Canadian ice hockey player and manager (1878–1961)

Richard Robinson Boon (January 10, 1878 – May 3, 1961) was a Canadian ice hockey forward and manager. He played for the Montreal Hockey Club (Montreal HC) of the Canadian Amateur Hockey League (CAHL) and the Montreal Wanderers of the Federal Amateur Hockey League (FAHL) in the early 1900s. He was a player on two Stanley Cup winning teams and managed the Wanderers to four Cup titles. Boon was uncle to Lucille Wheeler-Vaughan, Canadian and world ski champion.

==Early life==
Born in Belleville, Ontario, he was one of seven children, four boys and three girls. Boon moved with his family to Montreal, where he became involved in several sports in his youth. He was a proficient speed skater, winning the 1892 Junior Amateur Championship. He was also involved in rowing and canoeing.

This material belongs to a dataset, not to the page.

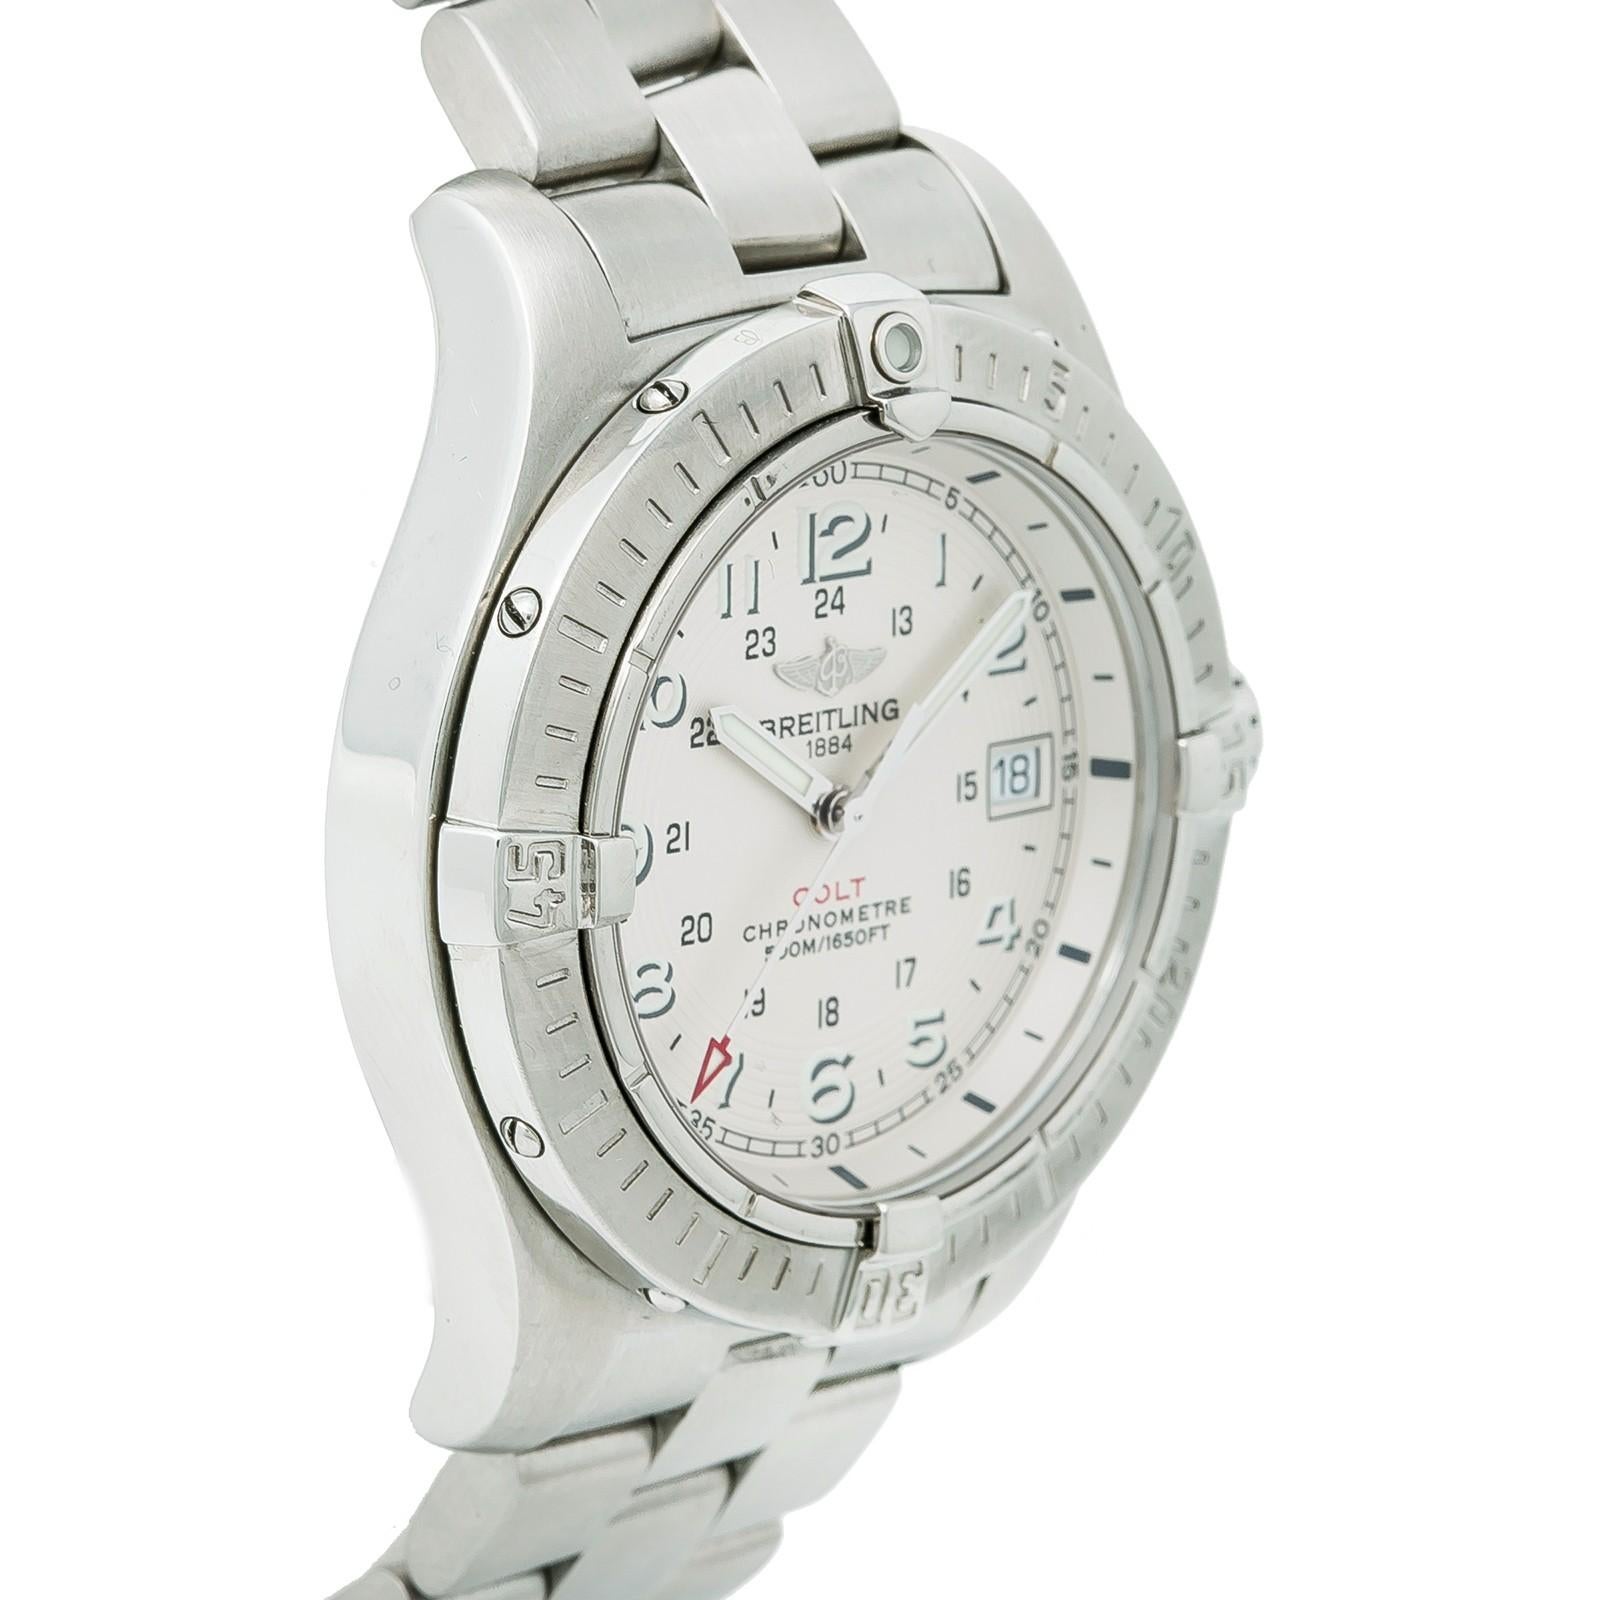 Certified Breitling Colt A74380 Men's Quartz Watch Cream Dial Stainless Steel 41 In Excellent Condition For Sale In Miami, FL

The family home was on the present site of the Windsor train station in Montreal.

==Hockey career==
In 1894, at the age of 16, Boon began playing organized hockey with the "Young Crystals" at the old Crystal Rink in Montreal with another Hall of Famer, Mike Grant. In 1897, he joined the Monarch Hockey Club. In 1900 he joined the Montreal Hockey Club of the Montreal Amateur Athletic Association's junior club. The following year he was promoted to the senior team. He played the position of cover point, similar to today's defenceman. Considered to be 'fast and wiry', Boon is credited with being the first player to use the poke check, which he used to great success in stopping opposing forwards.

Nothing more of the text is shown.